To do =>
Type the listing below out again exactly. No images.

+++ Data shown +++

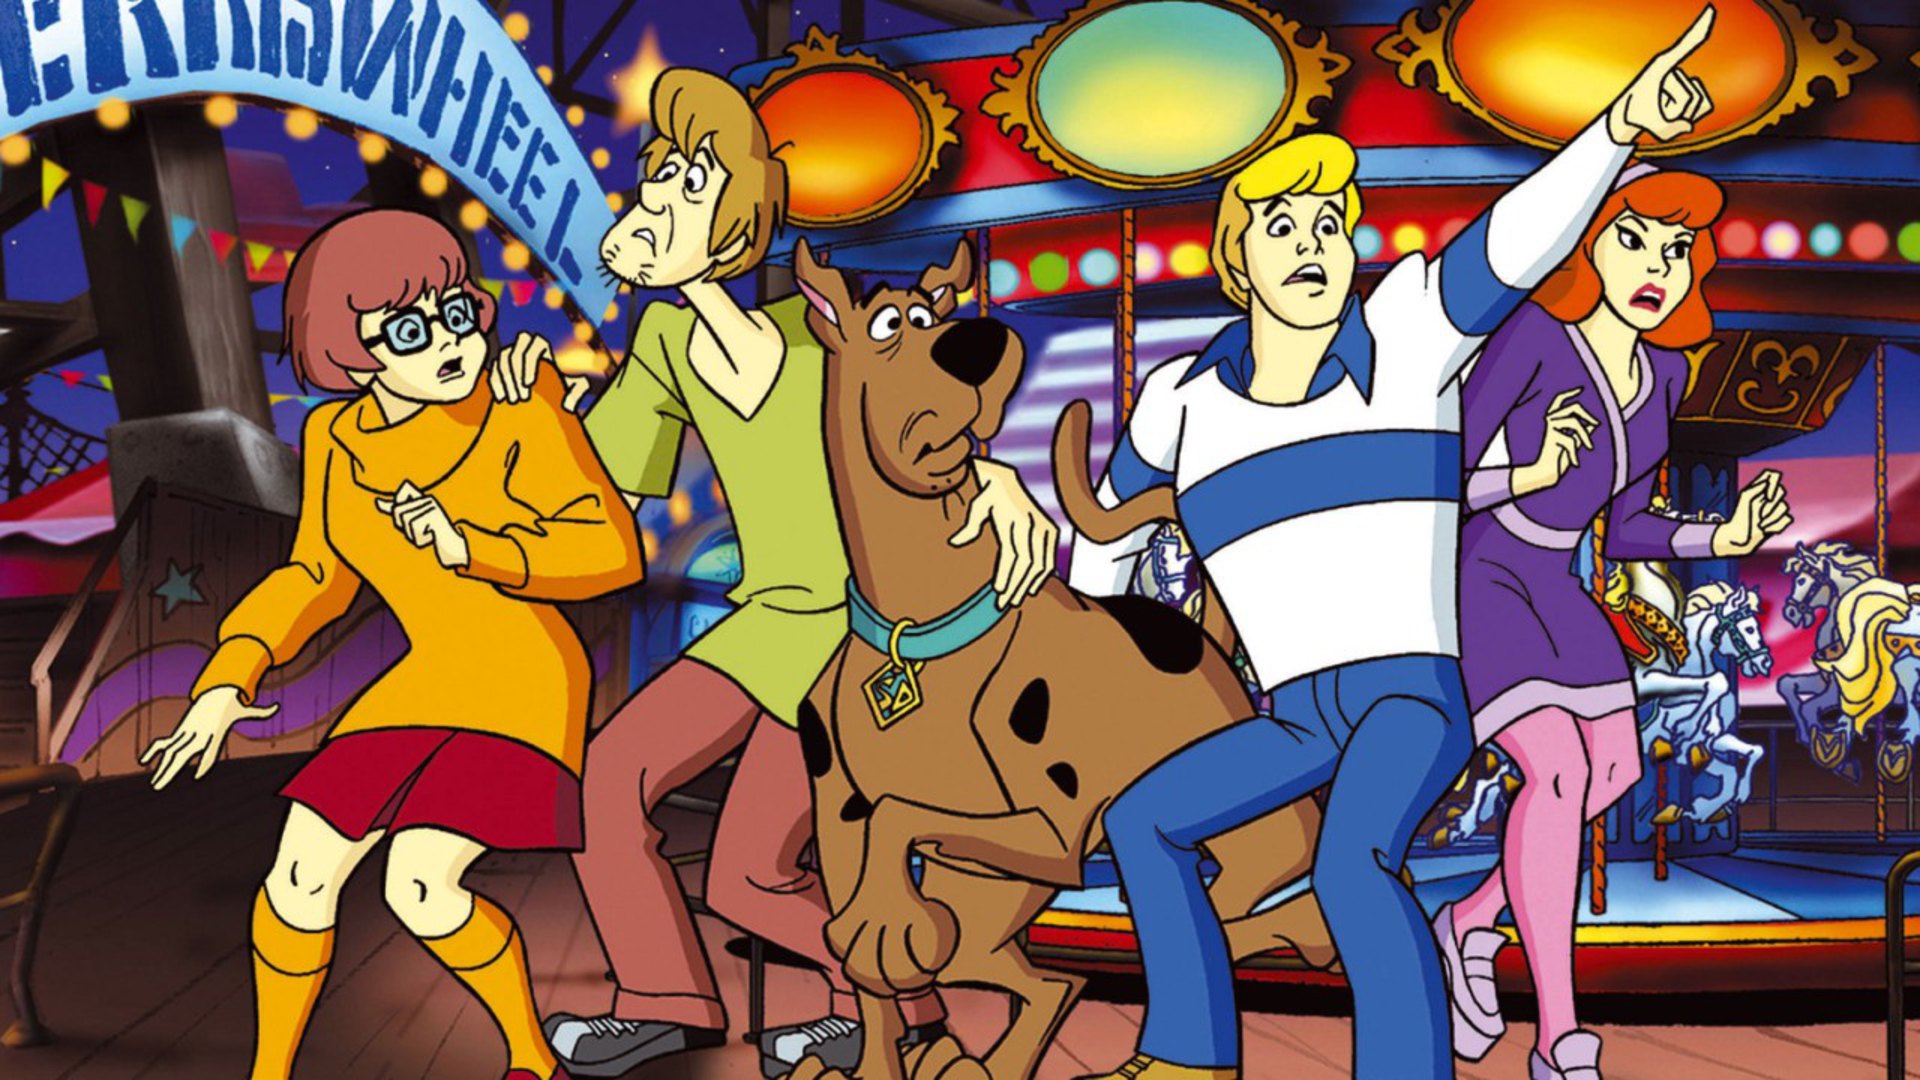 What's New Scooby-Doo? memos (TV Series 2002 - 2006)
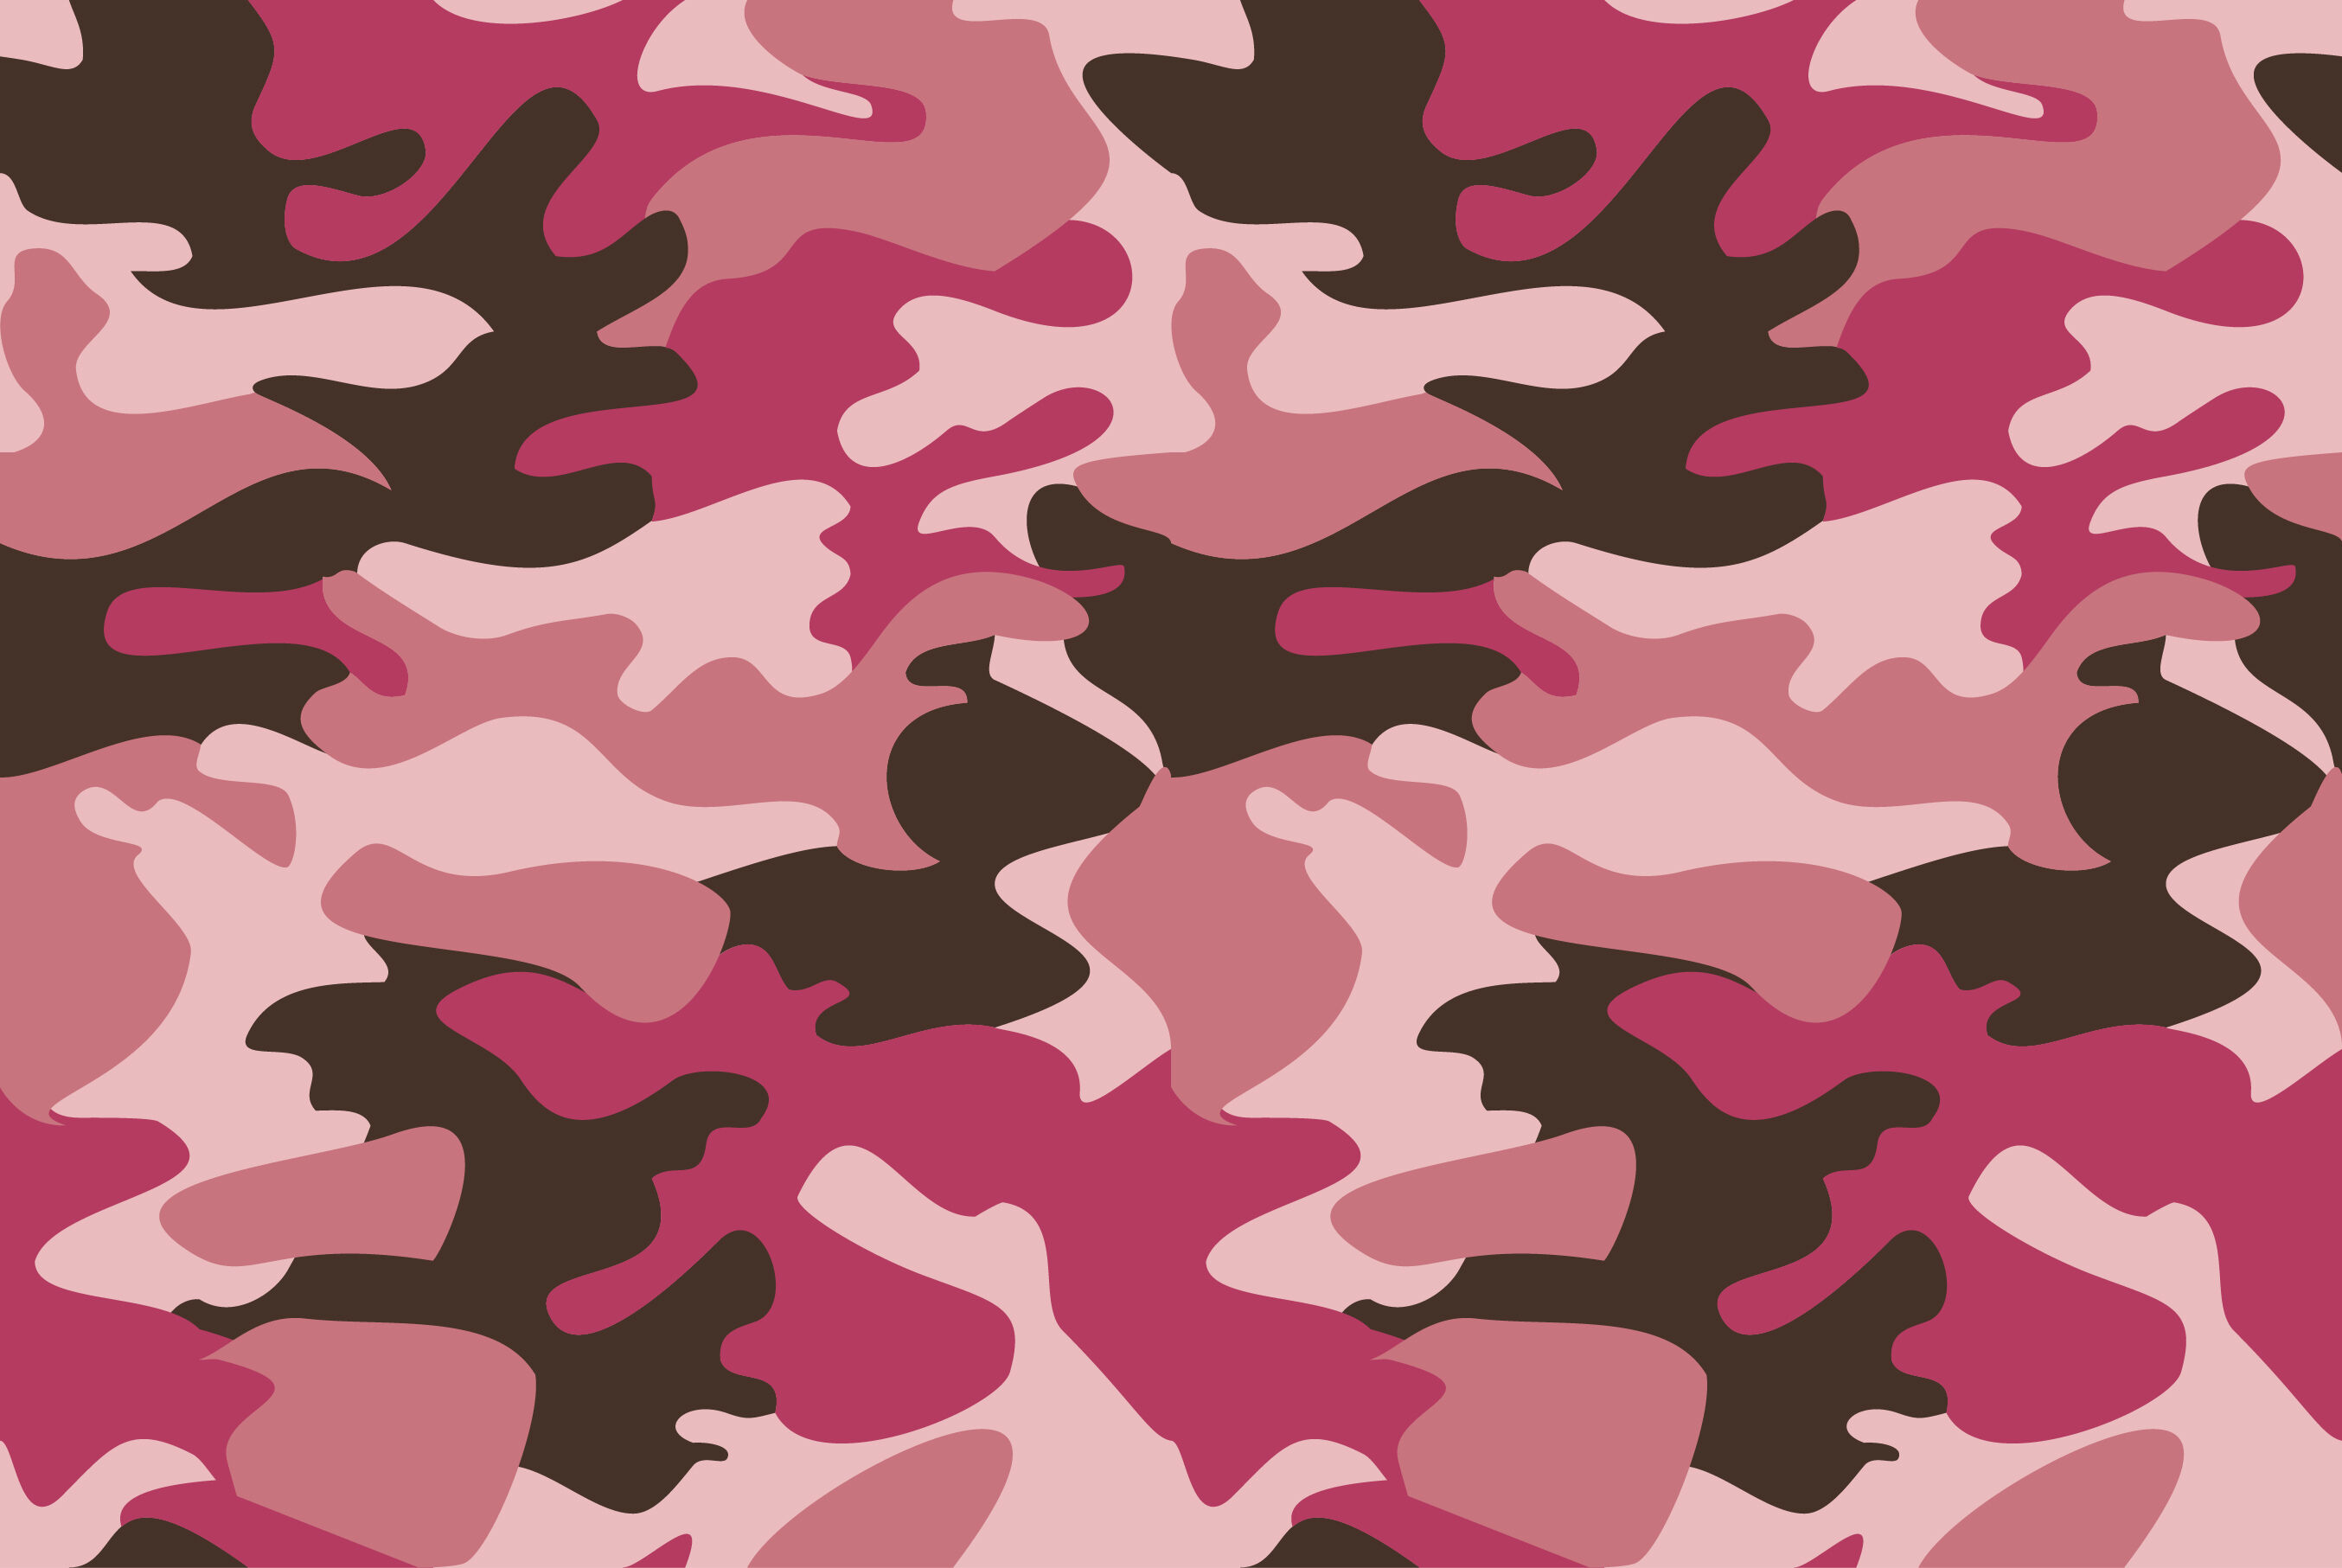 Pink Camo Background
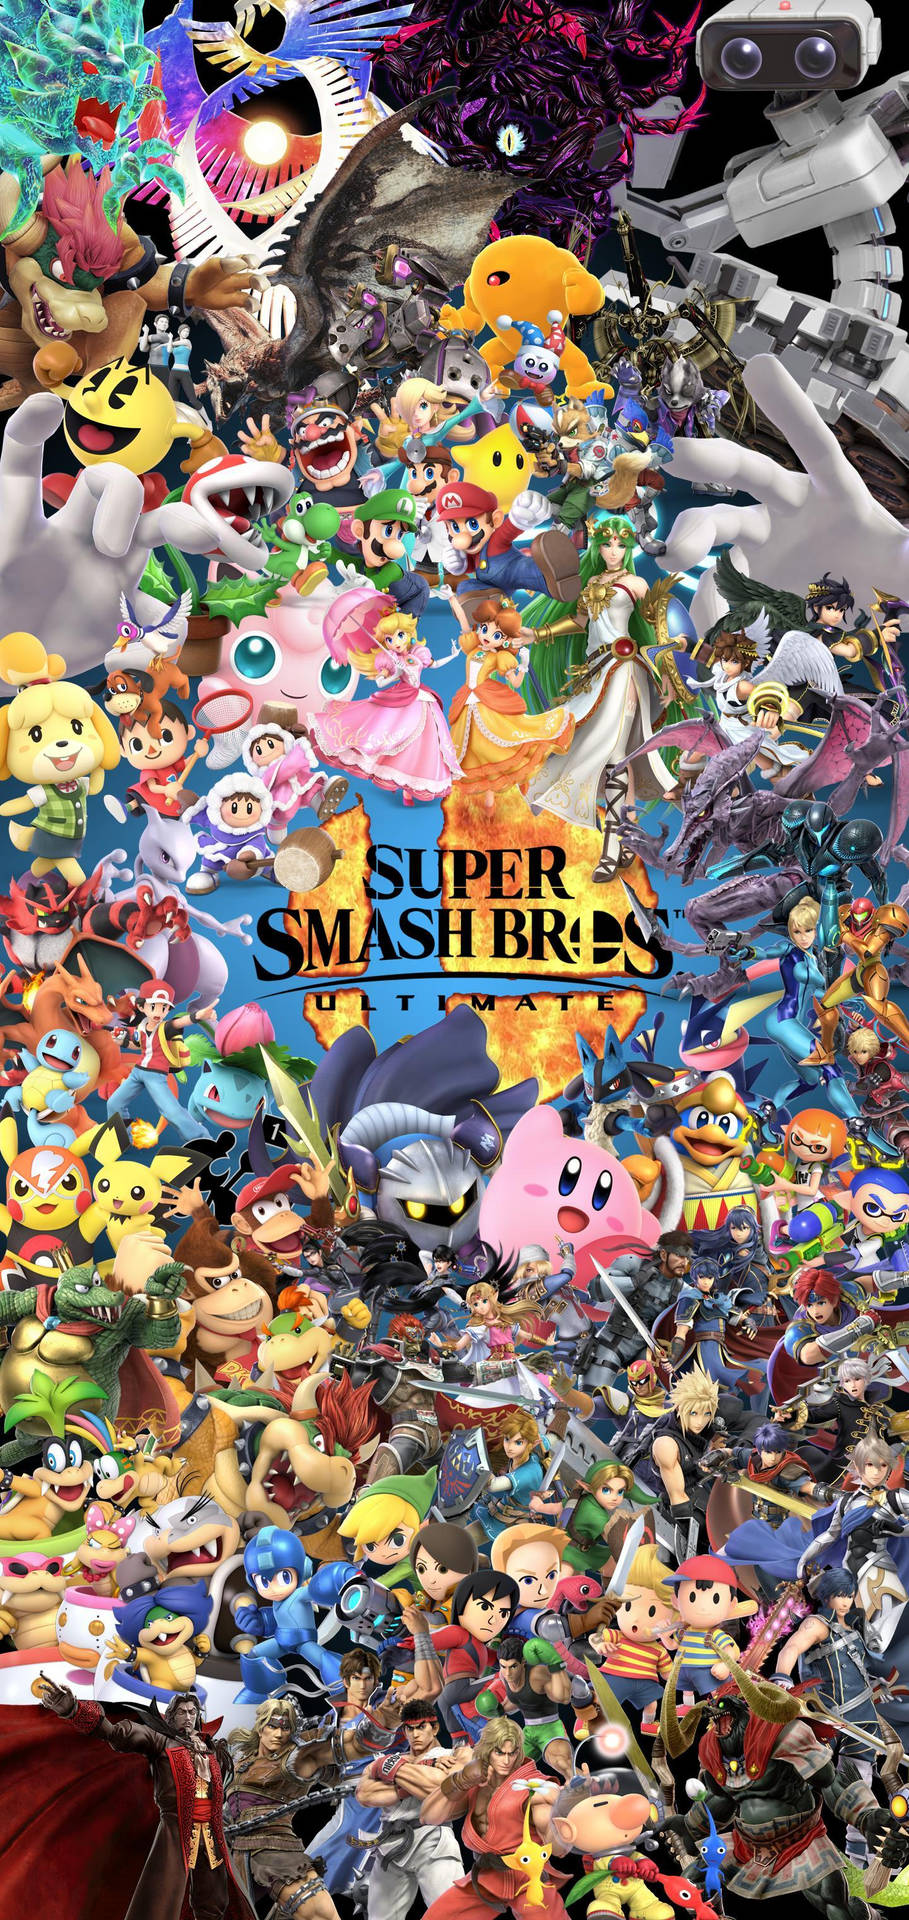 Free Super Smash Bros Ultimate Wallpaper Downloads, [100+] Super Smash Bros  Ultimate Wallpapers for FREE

+++

Answer section =>
 What's New Scooby-Doo? memos (TV Series 2002 - 2006)
 Pink Camo Background
 Free Super Smash Bros Ultimate Wallpaper Downloads, [100+] Super Smash Bros  Ultimate Wallpapers for FREE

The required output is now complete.